Die Sache hat einen weiteren schweren
Schönheitsfehler: Es ist keineswegs gesichert, dass es überhaupt einen Selbstmordattentäter
mit einem Lkw gab. Der Verlauf der Explosion sprach, einigen Berichten zufolge, eher dafür, dass sich
das Epizentrum im AMIA-Gebäude selbst befand, dass die Bombe also im Haus, vermutlich in dessen
drittem Stockwerk, versteckt war.
Der Angriff auf das AMIA-Gebäude war
weltweit der schwerste, der seit 1945 auf eine jüdische Einrichtung verübt wurde. Er muss aber in
engem Zusammenhang mit zwei anderen Attentaten betrachtet werden. Da hatte es zum einen in Buenos Aires am
17.März 1992 einen Bombenanschlag auf die israelische Botschaft gegeben, bei dem 29 Menschen
getötet wurden. BND-Informant Mesbahi schrieb auch dieses Attentat einem Auftrag der iranischen
Führung zu. Es spielt aber offenbar in den jetzt erlassenen neuen Haftbefehlen keine Rolle. Unter
anderem vielleicht, weil die argentinischen Behörden für diesen Anschlag noch nicht einmal einen
angeblichen Selbstmordattentäter präsentieren können.

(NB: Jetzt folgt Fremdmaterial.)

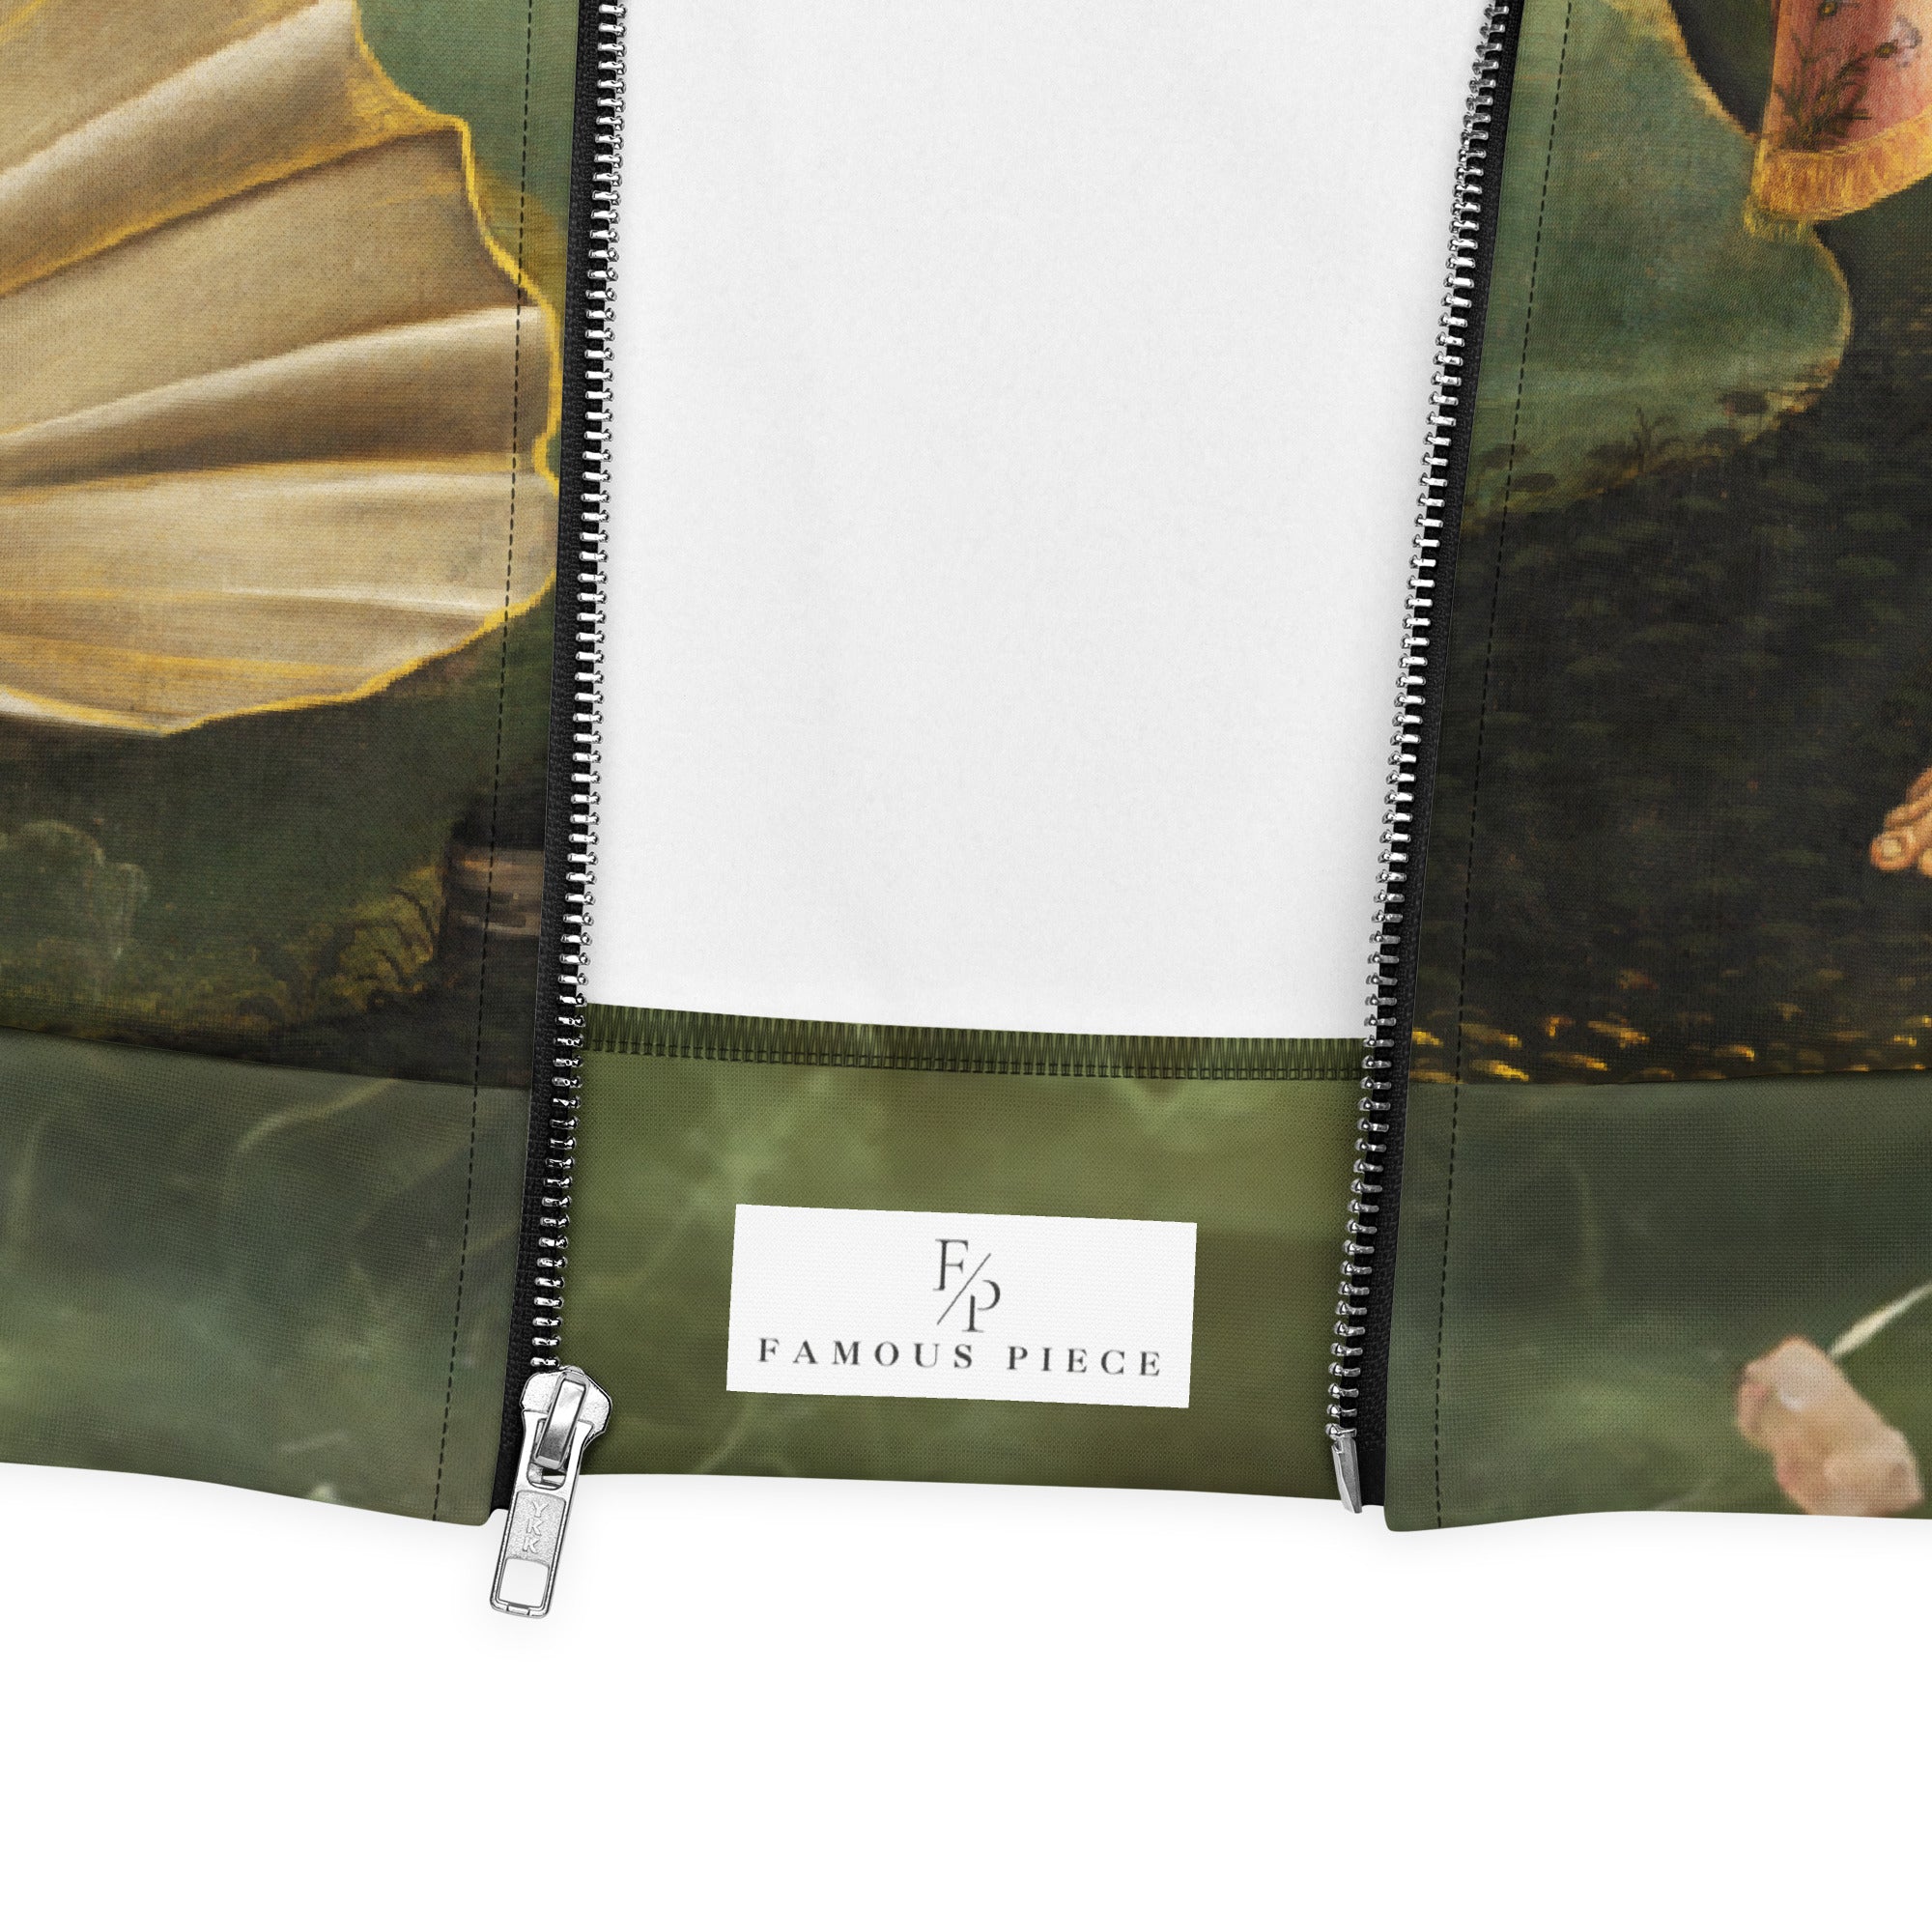 Sandro Botticelli 'Primavera' Famous Painting Bomberjack | Allover Print Unisex Art Bomber Jacket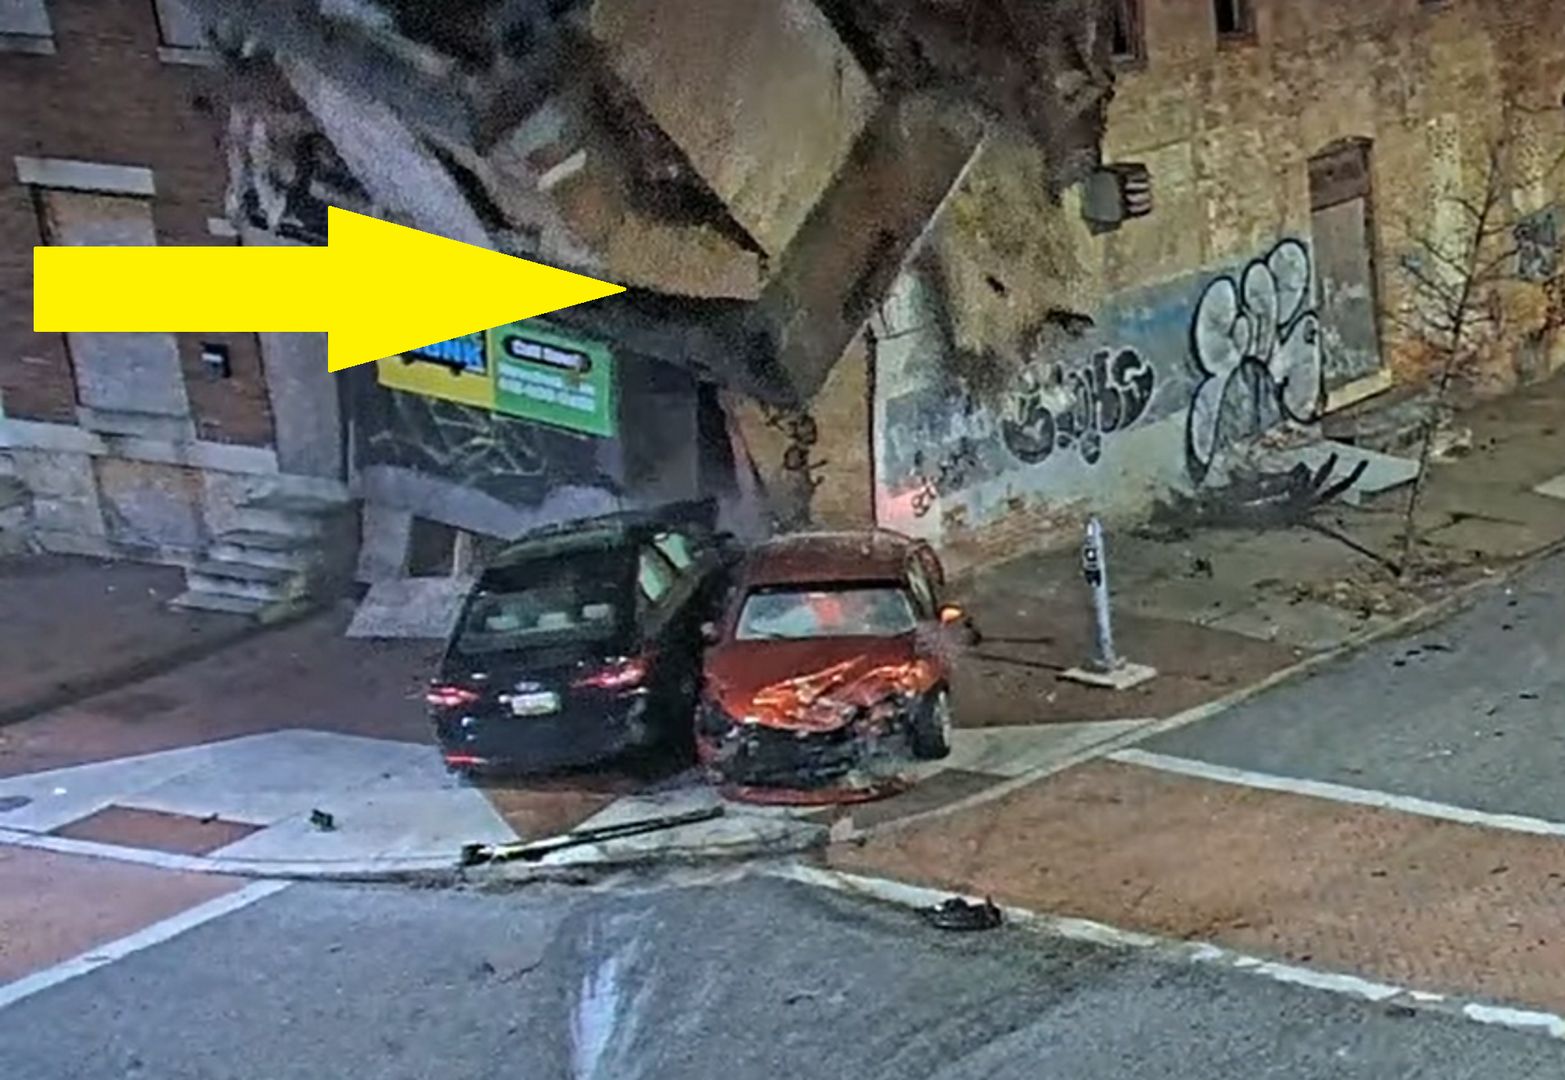 Ściana budynku runęła po uderzeniu auta. Policja pokazała wideo z wypadku

Selten erwähnt wird das dritte in
diesem Zusammenhang zu nennende Attentat: Am 19.Juli 1994, also am Tag nach dem Anschlag gegen das AMIA-
Gebäude, explodierte eine Bombe in einem kleinen panamesischen Flugzeug. Alle 21 Insassen, darunter 12
Juden, wurden getötet. Es wurde eine fragwürdige Bekennererklärung im Namen einer bis dahin
unbekannten angeblichen libanesisch-schiitischen Gruppe veröffentlicht. Das Flugzeug befand sich auf
dem Rückweg von der panamesischen Freihandelszone Colón nach Panama-Stadt ein
Kurzstreckenflug von kaum 100 Kilometern. Die Passagiere waren Händler, die geschäftlich in
Colón gewesen waren.
Die Geschäfte, die in den
Freihandelszonen Lateinamerikas gemacht werden, befinden sich teilweise am Rande oder außerhalb der
Legalität. Beispielsweise spielen Schmuggel und Drogenhandel dabei eine Rolle. Mindestens einer der
Männer, die bei der Explosion des Flugzeugs ums Leben kamen, stand bekanntermaßen mit
organisierter Kriminalität in Verbindung. Es gab daher ernstzunehmende Vermutungen, dass der Anschlag
ihm persönlich gegolten hatte und rein kriminelle Motive hatte. Auch die Möglichkeit, dass die
Tat sich gegen eine bestimmte Gruppe von Händlern in den Grauzonen der Illegalität richtete, ist
nicht auszuschließen. Es bleibt jedoch die Frage, ob irgendein Zusammenhang zu dem Attentat auf das
AMIA-Gebäude am Vortag bestand.
Nach Darstellung der argentinischen Behörden wurden die beiden Anschläge in Buenos Aires 1992
und 1994 von der libanesischen Hizbollah im iranischen Auftrag verübt. Dazu ist festzustellen, dass
die Hizbollah, abgesehen von diesen beiden ihr zugeschriebenen Attentaten, überhaupt keine
Anschläge außerhalb des Nahen Ostens ausgeführt hat. Ihr Aktionsfeld beschränkt sich
seit jeher ausdrücklich auf den Libanon und, in wenigen Einzelfällen, auf Israel. In diesem Sinn
haben Hizbollah-Führer auch immer wieder eindeutige Erklärungen abgegeben.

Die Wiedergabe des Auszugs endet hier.